The Fine Art of Cheap Infrastructure
It used to be that to even start a business in Tech, you needed expensive servers. Cloud computing solved this, and refined it as workloads can be sliced into smaller and smaller pieces, only run on demand.
We bought into the first of these, AWS Lambda, quite some time ago. At the time, only DynamoDB was available as a persistence layer, however the use of AWS API Gateway made it so that our Lambdas, to all intents and purposes, looked like a real server. Since then we’ve seen on-demand relational databases, with the only real cost being a slight amount of latency as the resources are provisioned.
For our UI, it’s even cheaper. Combining S3 and CloudFront, we have low-latency global distribution for pennies. The trick is deploying it correctly.
As such, we’ve managed to keep our costs extremely low – like, $8/month low – which is quite good given global reach. Fact is that the most expensive thing to operate right now is this Blog, as we’ve not yet put the engineering effort in to run WordPress on demand as well. This post goes into the – quite simple – technical details of how we did it.
The Backend
Aurora Serverless, AWS Lambda fronted by API Gateway V2, and a small Golang library that converts Lambda events into HTTP requests.
Because growth is assumed, but not guaranteed, we started our effort knowing that we wanted to use the smallest compute unit we could; AWS Lambda at the time. We also knew that there is a cost inflection point, where Lambda’s no longer make sense and a container solution would be necessary. The size of our original approach, using a NodeJS based lambda, worked….. however the memory overhead and startup time raised costs more than we wanted to.
Mux, and Lambda Event Conversion
Thus we switched to a golang based mux server, which is both far, far smaller as it doesn’t carry all the node_modules with it, and has a far faster startup time, and smaller memory footprint. We also decided to run the workload on ARM, as that is not only more performant, but also cheaper.
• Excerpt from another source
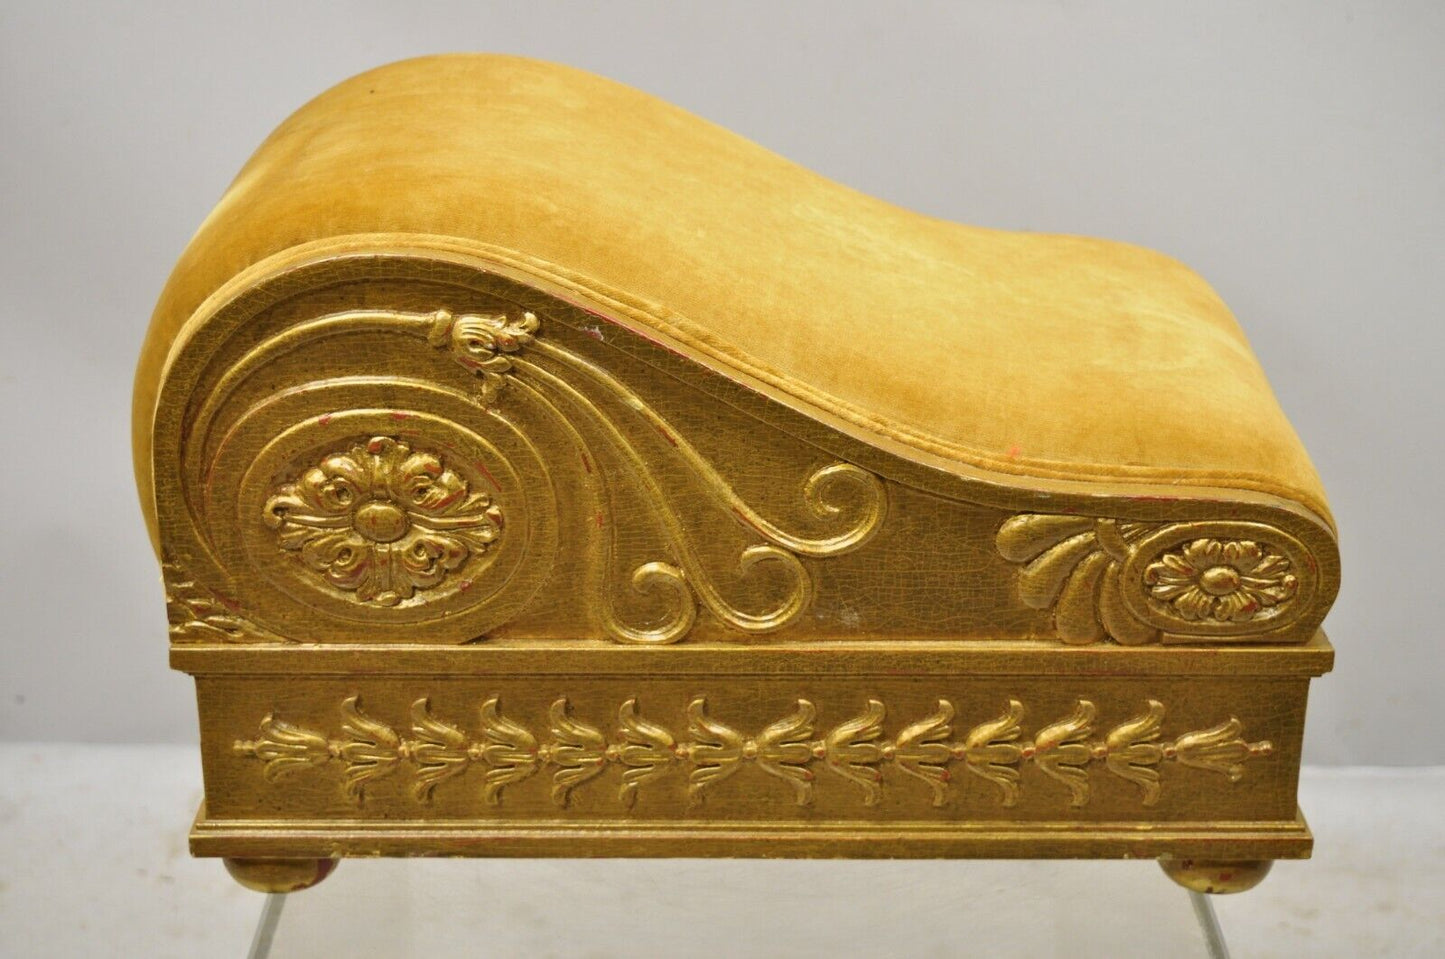 Vintage Italian Empire Style Gold Giltwood Swedish Gout Stool Footstool Ottoman

The key to running this server as a server for local development, but as a lambda in production, is a library called aws-lambda-go-api-proxy – which is selectively enabled to convert lamdba events to http.Request objects, and back. It has its glitches, however we were able to circumvent them easily enough.
Waking up the database
The next issue to address was: How to handle the cold-start time of Aurora Serverless. Since we were cost-optimizing, we didn’t set the database up to run continuously, and at any point in time an API call could arrive that needed to be satisfied.
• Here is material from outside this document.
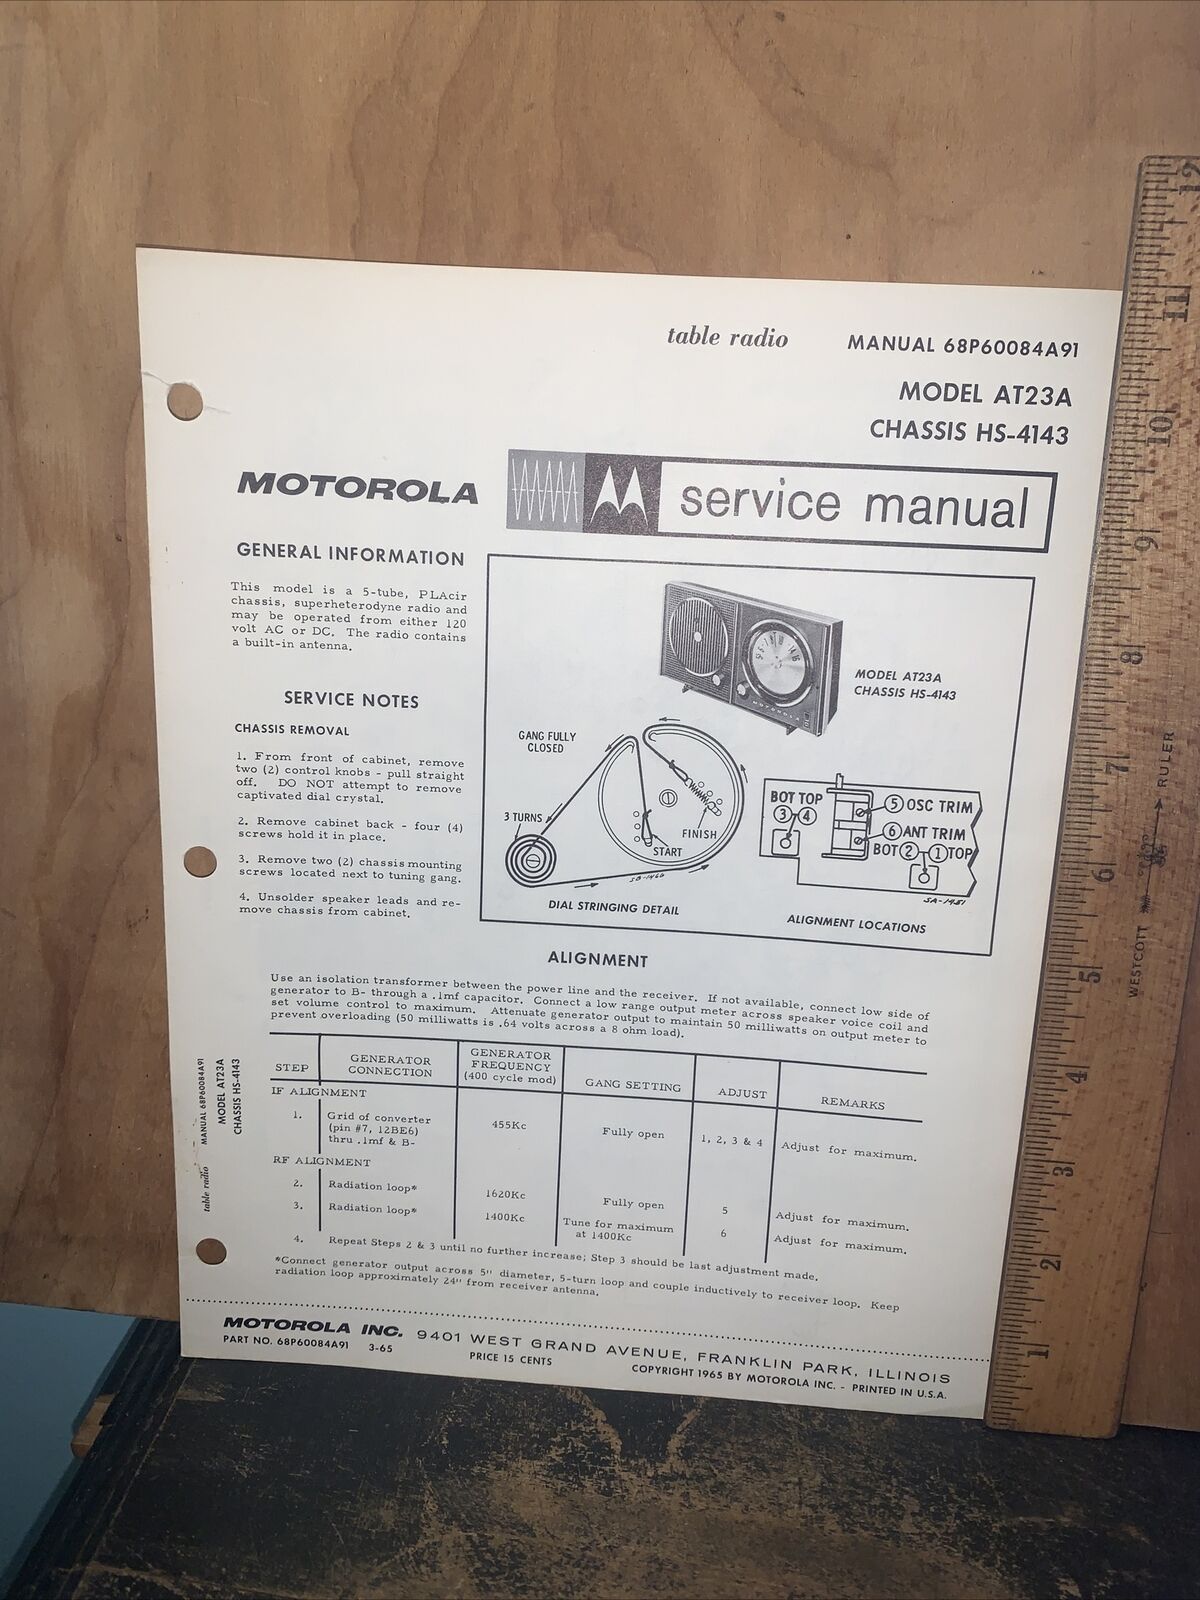 Motorola Table Radio -Service Manual- Model AT23A. Schematics,Parts List.

We also noticed that we could not block on the database connection; the lambda would simply flail and error out, which led to error responses that were out of our control. Instead, started the server, and connected on-demand inside the lambda itself. That way we could still accept http requests, but we had control over the error messages that were returned in case Aurora hadn’t started yet.
And, for usability, we also implemented a simple GET /status endpoint, which pings our database and blocks until it gets a response. Our UI calls this when it first starts up, and if you’re lucky you’ll see some amusing loading messages while it waits for the database to return.
Keeping the database awake
Lambdas have a certain lifespan after they’ve been started, so they can handle multiple events. Aurora has a similar TTL, however we’ve found that the timing between each was inconsistent, and we couldn’t risk the database suddenly shutting down on us if the lambda was still expecting it to be available. Thankfully, a simple keepalive thread fixed this – as long as the lambda was still active, it would trigger a query every minute or so to ensure that Aurora restarted its keepalive timer.
The Frontend
S3, CloudFront, and careful tuning of Caching Headers
Here, our path was already paved for us. It’s trivially easy to host a SPA (in our case, written in Angular) on S3. A bit of CloudFront caching, and we have a rapid response rate for our assets.
The trick here, is to make sure that the correct HTTP headers are sent when the static resource is requested. Both because CloudFront charges by traffic, but also because we can tell the customer’s browser to permanently cache our code, substantially reducing our external traffic. The rule of thumb is: only index.html should not be cached; everything else should use a tool like webpack to version its files, and set them to be cached indefinitely. That way, the browser will always check to see if there’s a new version of the application, but if there isn’t it won’t bother pulling down the JS/CSS files again.